• **Task brief**
Send back the records in full, character for character.

• **Supplied material**
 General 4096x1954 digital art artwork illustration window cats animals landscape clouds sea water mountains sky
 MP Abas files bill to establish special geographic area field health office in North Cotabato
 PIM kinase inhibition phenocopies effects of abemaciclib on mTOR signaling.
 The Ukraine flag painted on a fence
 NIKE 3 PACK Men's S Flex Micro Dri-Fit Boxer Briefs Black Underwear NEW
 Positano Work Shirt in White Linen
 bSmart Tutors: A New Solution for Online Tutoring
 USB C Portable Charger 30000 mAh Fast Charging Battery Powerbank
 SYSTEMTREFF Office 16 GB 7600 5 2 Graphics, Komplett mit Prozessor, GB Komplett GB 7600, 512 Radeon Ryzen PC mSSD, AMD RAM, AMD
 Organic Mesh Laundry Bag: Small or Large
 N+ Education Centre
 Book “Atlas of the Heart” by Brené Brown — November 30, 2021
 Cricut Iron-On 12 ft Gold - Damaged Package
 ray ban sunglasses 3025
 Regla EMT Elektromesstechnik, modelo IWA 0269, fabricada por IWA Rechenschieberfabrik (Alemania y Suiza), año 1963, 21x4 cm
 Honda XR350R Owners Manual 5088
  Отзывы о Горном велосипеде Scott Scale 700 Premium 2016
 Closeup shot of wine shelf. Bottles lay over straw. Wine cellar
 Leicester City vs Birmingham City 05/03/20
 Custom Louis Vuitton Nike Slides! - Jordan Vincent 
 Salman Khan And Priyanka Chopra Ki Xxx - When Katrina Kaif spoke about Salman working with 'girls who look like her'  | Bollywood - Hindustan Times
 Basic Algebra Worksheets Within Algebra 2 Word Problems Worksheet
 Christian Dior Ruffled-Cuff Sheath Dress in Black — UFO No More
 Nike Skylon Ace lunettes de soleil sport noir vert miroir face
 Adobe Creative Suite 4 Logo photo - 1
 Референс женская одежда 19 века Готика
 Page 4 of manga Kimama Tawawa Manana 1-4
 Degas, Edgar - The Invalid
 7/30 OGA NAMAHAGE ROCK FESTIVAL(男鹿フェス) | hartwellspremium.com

• **Exercise result**
 General 4096x1954 digital art artwork illustration window cats animals landscape clouds sea water mountains sky
 MP Abas files bill to establish special geographic area field health office in North Cotabato
 PIM kinase inhibition phenocopies effects of abemaciclib on mTOR signaling.
 The Ukraine flag painted on a fence
 NIKE 3 PACK Men's S Flex Micro Dri-Fit Boxer Briefs Black Underwear NEW
 Positano Work Shirt in White Linen
 bSmart Tutors: A New Solution for Online Tutoring
 USB C Portable Charger 30000 mAh Fast Charging Battery Powerbank
 SYSTEMTREFF Office 16 GB 7600 5 2 Graphics, Komplett mit Prozessor, GB Komplett GB 7600, 512 Radeon Ryzen PC mSSD, AMD RAM, AMD
 Organic Mesh Laundry Bag: Small or Large
 N+ Education Centre
 Book “Atlas of the Heart” by Brené Brown — November 30, 2021
 Cricut Iron-On 12 ft Gold - Damaged Package
 ray ban sunglasses 3025
 Regla EMT Elektromesstechnik, modelo IWA 0269, fabricada por IWA Rechenschieberfabrik (Alemania y Suiza), año 1963, 21x4 cm
 Honda XR350R Owners Manual 5088
  Отзывы о Горном велосипеде Scott Scale 700 Premium 2016
 Closeup shot of wine shelf. Bottles lay over straw. Wine cellar
 Leicester City vs Birmingham City 05/03/20
 Custom Louis Vuitton Nike Slides! - Jordan Vincent 
 Salman Khan And Priyanka Chopra Ki Xxx - When Katrina Kaif spoke about Salman working with 'girls who look like her'  | Bollywood - Hindustan Times
 Basic Algebra Worksheets Within Algebra 2 Word Problems Worksheet
 Christian Dior Ruffled-Cuff Sheath Dress in Black — UFO No More
 Nike Skylon Ace lunettes de soleil sport noir vert miroir face
 Adobe Creative Suite 4 Logo photo - 1
 Референс женская одежда 19 века Готика
 Page 4 of manga Kimama Tawawa Manana 1-4
 Degas, Edgar - The Invalid
 7/30 OGA NAMAHAGE ROCK FESTIVAL(男鹿フェス) | hartwellspremium.com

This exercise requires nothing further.